I believe there is a prep for AlBr3 in Inorganic Synthesis Volume III
page 30. My reference states that this is a typical procedure for the
trihalides of this group. I would suggest that you check that
reference and also poke around the other volumes to see if there is a
prep for GaCl3. If you find a prep in Inorganic Synthesis the chances
are good that it will work.
Also there was some work in the 40's studying properties of GaCl3. If
the above reference doesn't get you on the right track try some of
those references. If they studied it they must have made it.
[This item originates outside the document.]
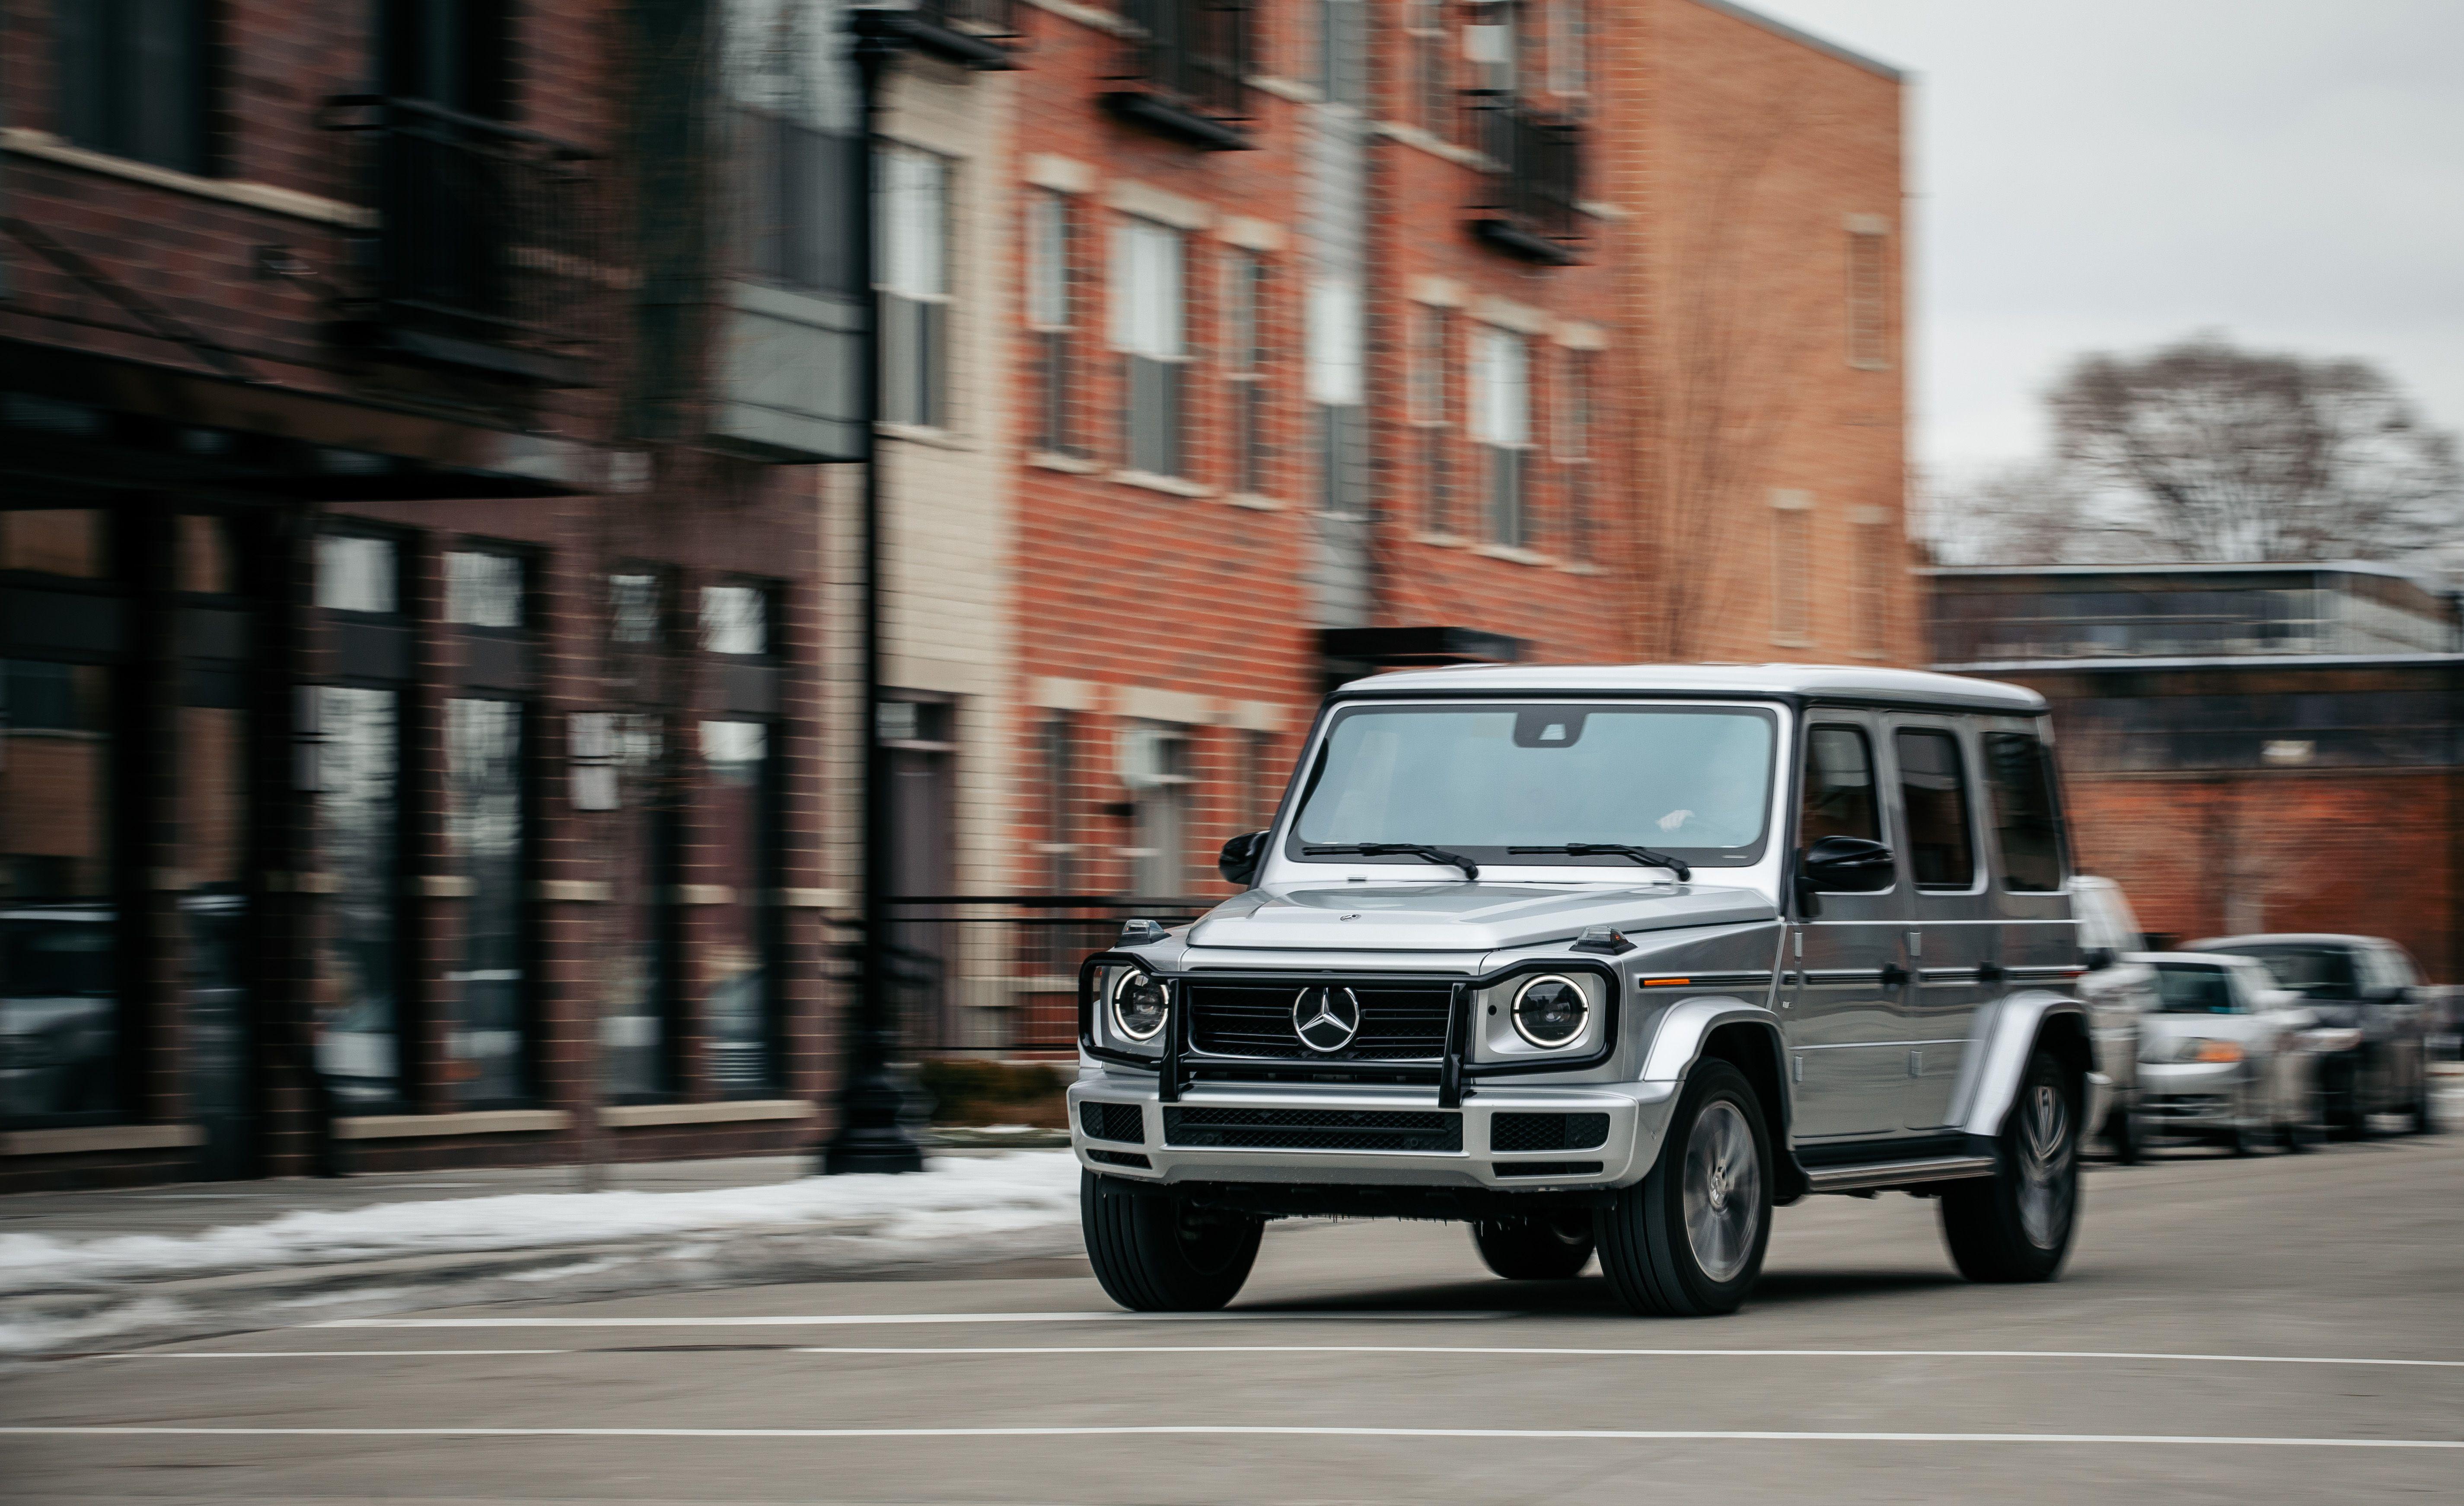 2019 Mercedes Benz G Class Remains Wonderfully Outrageous

I am still having difficulty thinking about getting GaCl3 from the
metal and HCl.
>The problem is instead of getting a white crystalline solid, I get a lot
>of creamy liquid. And when I open the glass tube in a fume cupboard, the
>little white solid formed turns to creamy liquid. Gacl3 is air sensitive
>and moisture sensitive.
You can't open these in air. Seal off your tube on one end, pull a
vacuum, and seal the product. You will probably need to work in a
drybox to handle the material.
>Can anybody guide me on the abovr experiment? Your advice would be
>highly appreciated.
Advice is worth what you pay for it. I don't charge.